The easiest way to think about the algebraic solvers is through the implicit function theorem. The implicit function theorem states that if we have an equation of the form \(f(x, y) = 0\),³ and \(f\) is reasonably well-behaved, then, given a solution \((x_0, y_0)\), we can find a function \(g\) such that \((x, g(x))\) is a solution—i.e., \(f(x, g(x)) = 0\)—for all \(x\) in some neighborhood around \(x_0\). The function \(g(x)\), which “traces out” solutions to \(f(x, y) = 0\) as a function of \(x\), is our implicit function. There is an obstacle to \(g(x)\)’s existence: at least locally, there needs to be only a single value of \(y\) corresponding to each \(x\) such that \(f(x, y) = 0\). This will fail if the curve of solutions doubles back on itself, which, in turn can only happen where \( \tfrac {\text{d} y} {\text{d} x} \to \infty\). So, to get an implicit function \(g(x)\) in a neighborhood of \(x_0\), we need that \( \tfrac {\text{d} y} {\text{d} x} \) is not infinite, or, what comes to the same thing, that the derivative \( \tfrac {\partial f} {\partial y} \) exists and is non-zero at the solution \((x_0, y_0)\).

An implicitly defined limaçon trisectrix. — An implicitly defined limaçon trisectrix, given by \(x^2 + y^2 = (x^2 + y^2 - 2x)^2\).

This figure illustrates a limaçon trisectrix, defined implicitly by \(x^2 + y^2 = (x^2 + y^2 - 2x)^2\).⁴ The variable \(y\) is a continuously differentiable function of \(x\) locally near the blue line, but not the red, where \( \tfrac {\partial f} {\partial y} = 0 \).

More formally, the implicit function theorem states that if \(f : \mathbb{R}^{n+m} \to \mathbb{R}^m\) is continuously differentiable, \(\mathbf{x}_0 \in \mathbb{R}^n\), \(\mathbf{y}_0 \in \mathbb{R}^m\), and \(f(\mathbf{x}_0, \mathbf{y}_0) = 0\), and \(\tfrac {\partial f} {\partial \mathbf{y}} \upharpoonright_{\mathbf{y} = \mathbf{y}_0} \) is invertible,⁵ then there is an (implicit) function \(g : \mathbb{R}^n \to \mathbb{R}^m \) defined locally around \(\mathbf{x}_0\) such that \(f(\mathbf{x}, g(\mathbf{x})) = 0\). What’s more, it follows directly from differentiating \(f(\mathbf{x}, g(\mathbf{x})) = 0\) that⁶ \[ \frac {\partial g} {\partial \mathbf{x}} = - \left[ \frac {\partial f} {\partial \mathbf{y}} \upharpoonright_{\mathbf{y} = g(\mathbf{x})} \right]^{-1} \frac {\partial f} {\partial \mathbf{x}}. \]

This is the key point that makes it possible to use autodiff on implicit functions. The implicit function theorem doesn’t tell us how to calculate the function \(g(\mathbf{x})\)—that’s what the algebra solvers are for—but it does allows us to back out the gradient of \(g\) using only known quantities: the solution, \((\mathbf{x}, g(\mathbf{x}))\), and the algebraic system function, \(f(\mathbf{x}, \mathbf{y})\). (One could, in principle, implement the algebra solver itself on the autodiff stack and try to extract the gradient that way, but that would be impracticably slow.⁷)

Two Algorithms

The implicit function theorem makes autodiff using implicit functions possible. But the real question is, how fast can we make it?

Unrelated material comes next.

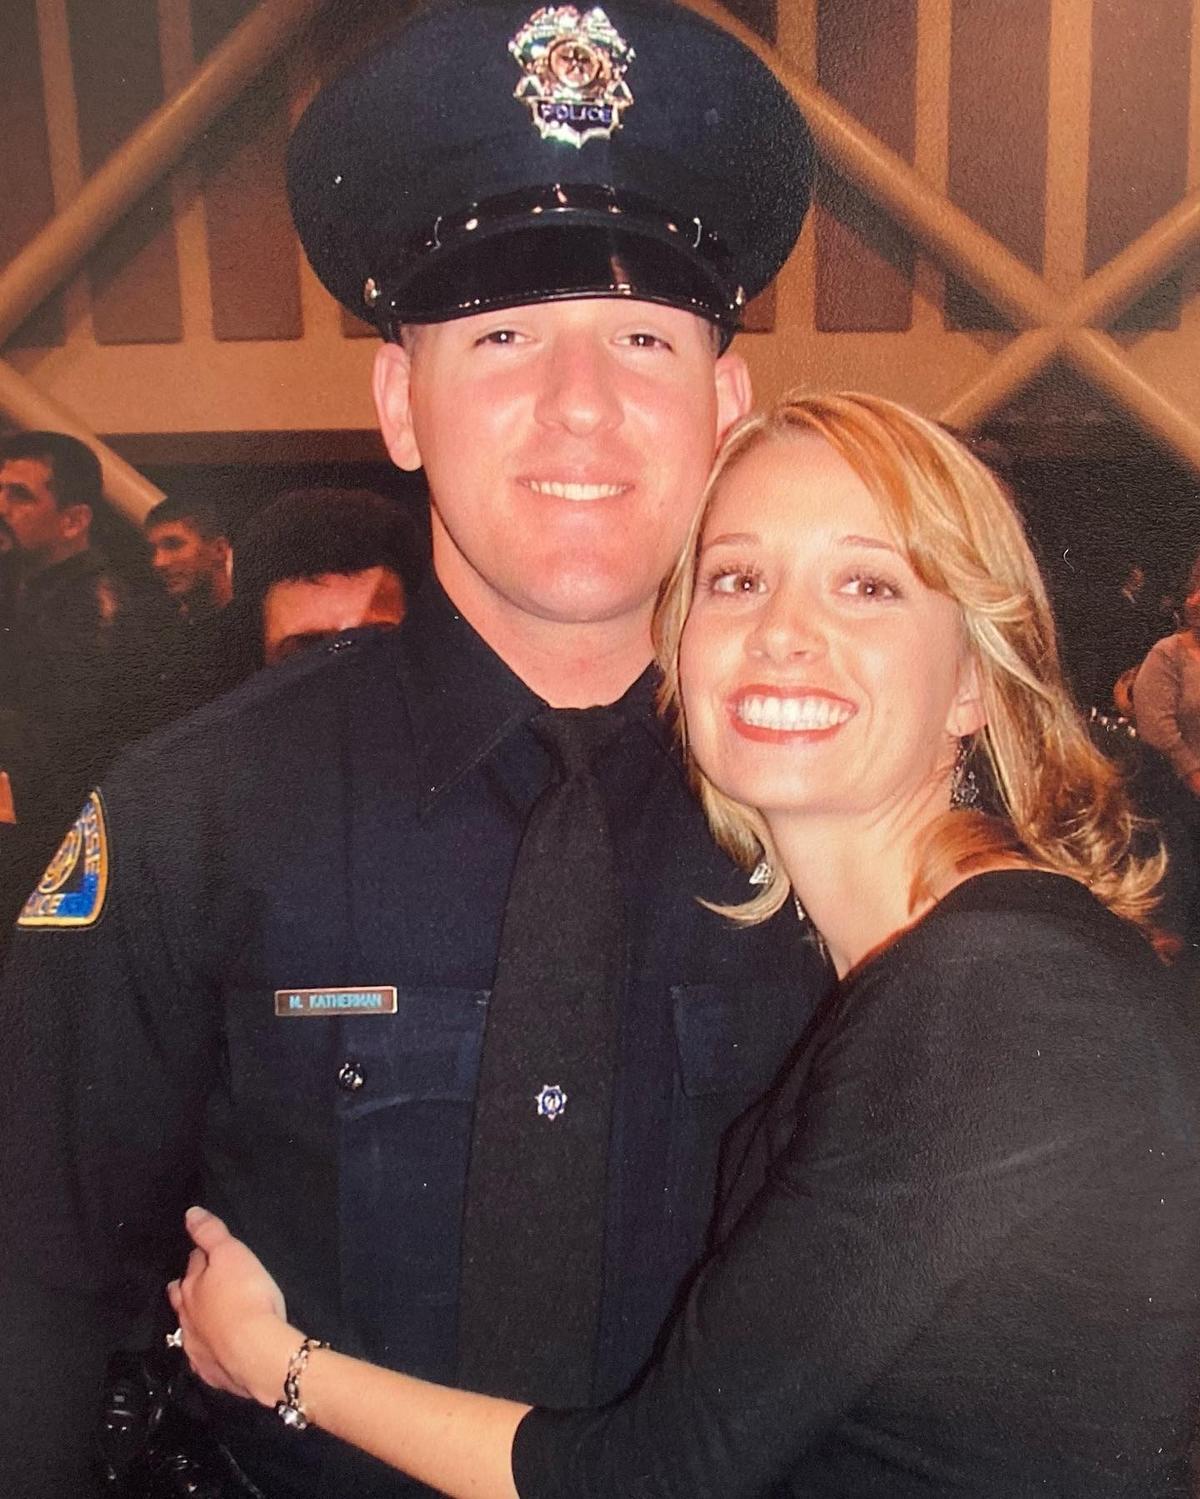 April with Mike on the day he graduated from the San Jose Police Academy. April was pregnant with their first baby boy in this picture. (Courtesy of <a href="https://www.instagram.com/beautyforourashesblog/">April Katherman-Redgrave</a>)

If you’re unfamiliar with autodiff, there are some great overviews (and reference texts). Here, it is enough to understand that to make reverse-mode autodiff work, all we need to know is, for each “atomic function” \(f : \mathbb{R}^n \to \mathbb{R}^m \) that shows up in our model (e.g., \(\cos(x)\) or \(x + y\) or an implicit function calculated using the algebraic solver), how to calculate the product \(\boldsymbol{\xi} \tfrac {\partial f} {\partial \mathbf{x}}\), where \(\boldsymbol{\xi}\) is a size \(m\) row vector or “cotangent.”

In the case of an implicit function \(g(\mathbf{x})\), the implicit function theorem above suggests an obvious way to do this.

Algorithm 1: The Naïve Method

Data: The algebraic system function \(f(\mathbf{x}, \mathbf{y})\), a solution \((\mathbf{x}_0, \mathbf{y}_0)\), and an initial cotangent \(\boldsymbol{\xi}\).

Result: The adjoint of the implicit function \(\mathbf{x} \mapsto \mathbf{y}\) with respect to the initial cotangent \(\boldsymbol{\xi}\) evaluated at \( \mathbf{x}_0 \), i.e., the product \( \boldsymbol{\xi}_{\operatorname{out}} = \boldsymbol{\xi} \left[ \tfrac {\partial \mathbf{y}} {\partial \mathbf{x}} \upharpoonright_{\mathbf{x}_0} \right] \).

For \(i = 1, \ldots, n\)
- Calculate \(\tfrac {\partial f} {\partial x_i}\). (One forward-mode pass.)
For \(i = 1, \ldots, m\)
- Calculate \(\tfrac {\partial f} {\partial y_i}\). (One forward-mode pass.)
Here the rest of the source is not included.